First, it assumes that Galileo and his opponents understood their clash as religion versus science. But that interpretation dates only from the late 19th century in J.W. Draper's History of the Conflict between Religion and Science(1875) and A.D. White's History of the Warfare of Science with Theology(1895).
Galileo, who died a Catholic, didn't see it that way. Nor could the institution that, 40 years earlier, produced the Gregorian calendar we still use be described as "anti-science".
Second, while Newton's work in the late 17th century vindicated Galileo decisively, it was not obvious in the early 17th century that Galileo was correct. One could reasonably think differently, as did the Danish scientist Tycho Brahe.

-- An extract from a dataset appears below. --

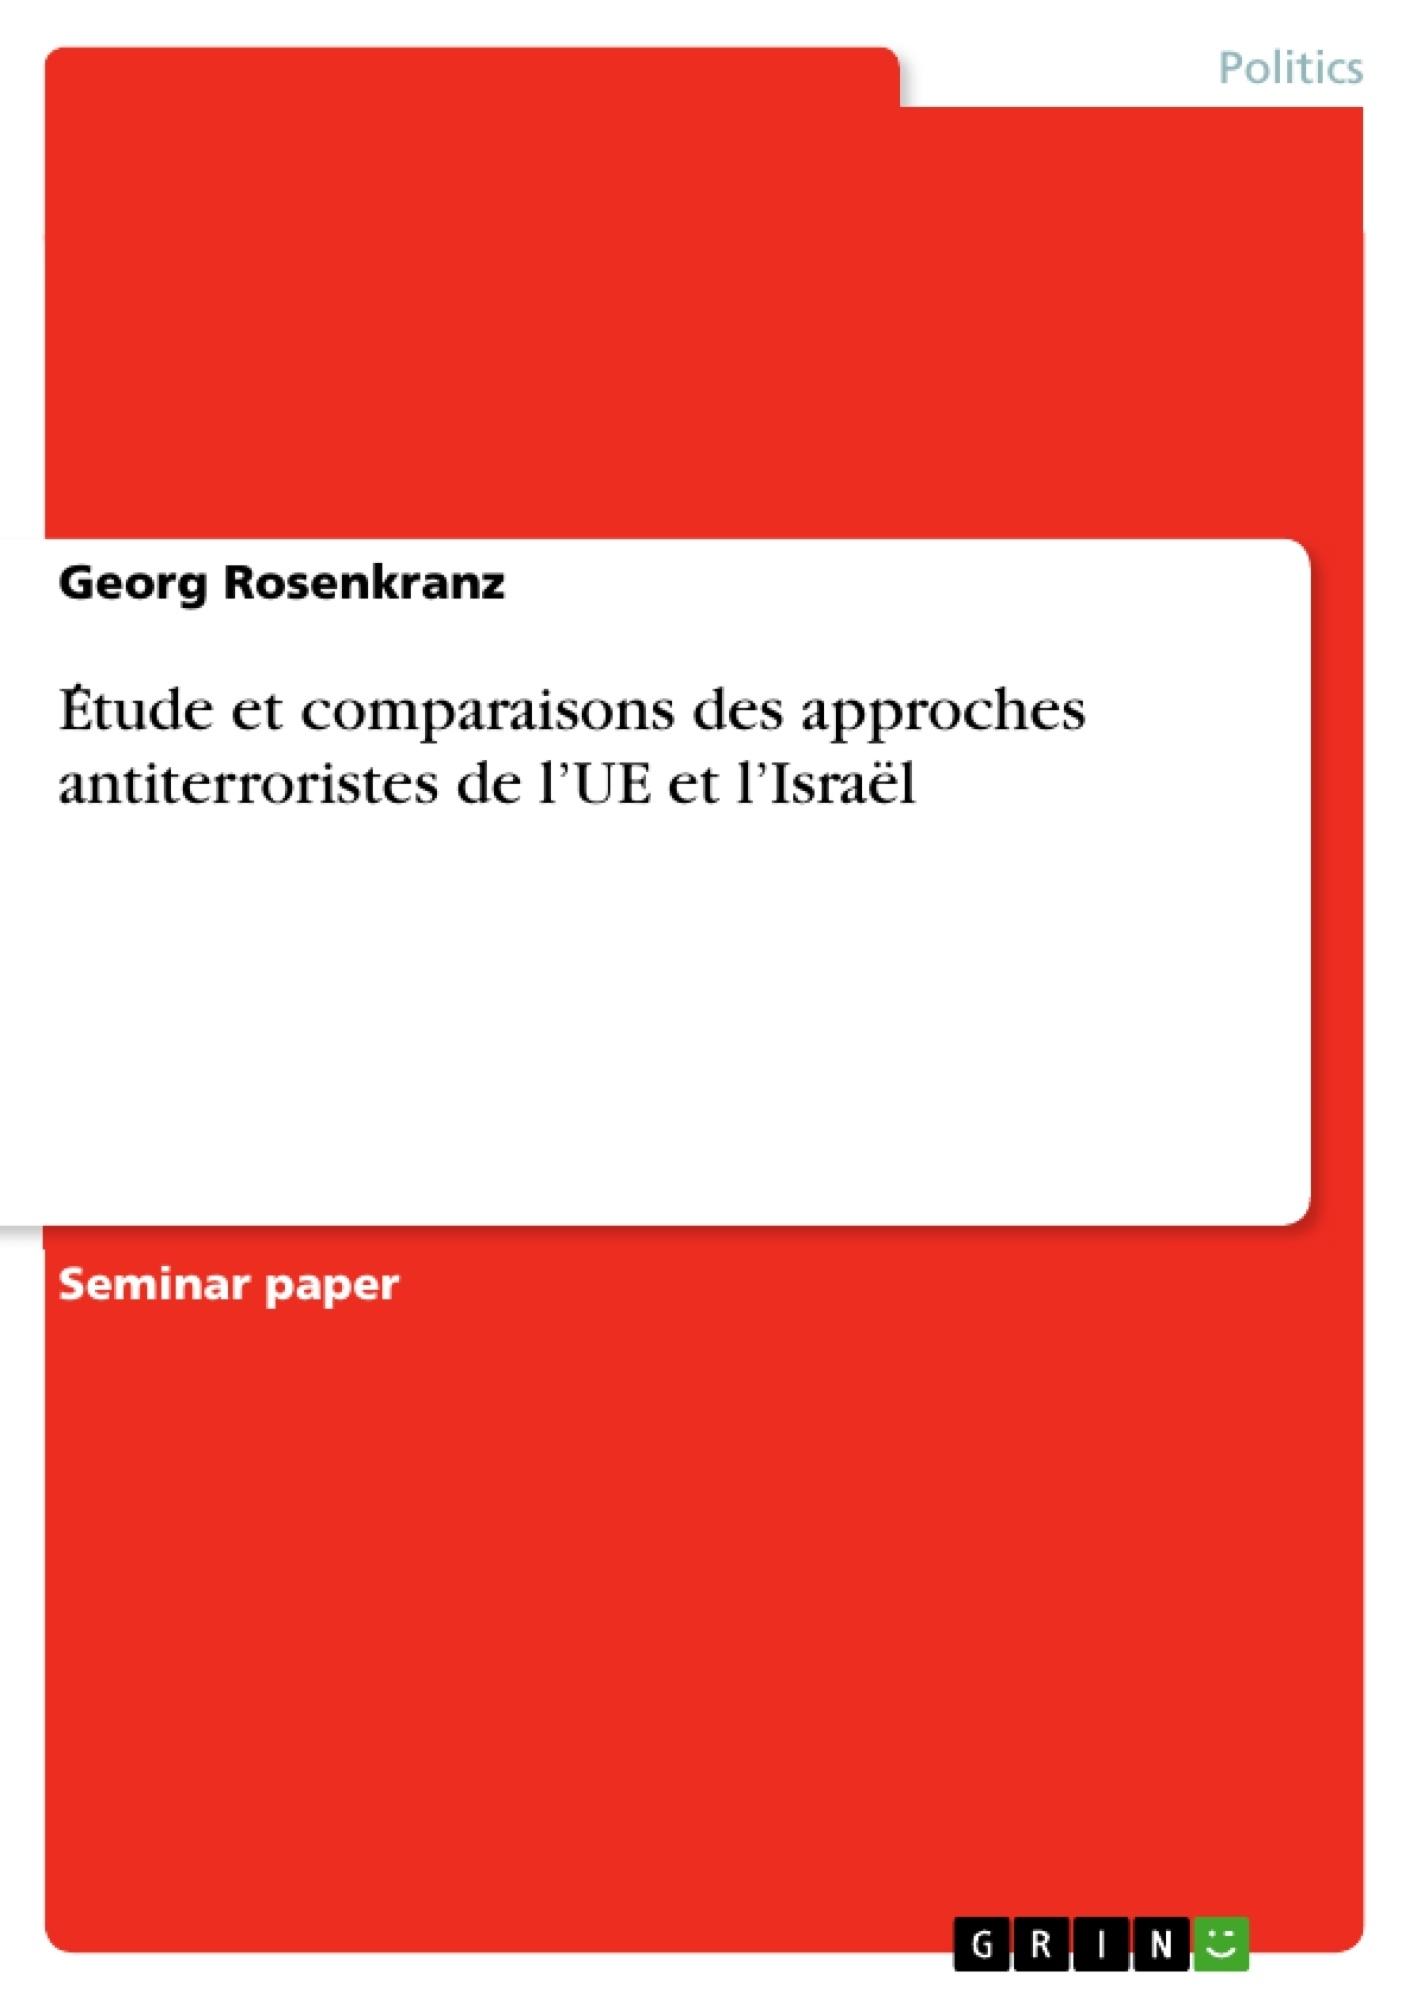 Titre: Étude et comparaisons des approches antiterroristes de l'UE et l'Israël

Mr Kinsella ignores the long list of Christian scientists, and nobody has ever demonstrated that their faith obstructed their scientific achievements or that they were viewed by their church as "bad" Christians.
Johannes Kepler in astronomy, Michael Faraday and James Clerk Maxwell in physics, and Asa Gray and Theodosius Dobzhansky in evolutionary biology are obvious examples.
As for clergy, Fr Georges Lemaître was one of the first to develop the Big Bang theory in the early 20th century, and the 19th-century "father" of genetics was the Augustinian Gregor Mendel. There are also some 30 craters on the moon named after Jesuit astronomers.
Finally, the Judaeo-Christian view of the world as (a) real, (b) not evil, and (c) not divine indirectly facilitated the emergence of science. Further, it held that the physical world is the product of a rational mind, thus supporting the faith of the scientist that the universe is intelligible and that the sciences can yield knowledge. - Yours, etc,
Dr SEAMUS MURPHY SJ,
Senior Lecturer in Philosophy,
Milltown Institute,
Dublin 6.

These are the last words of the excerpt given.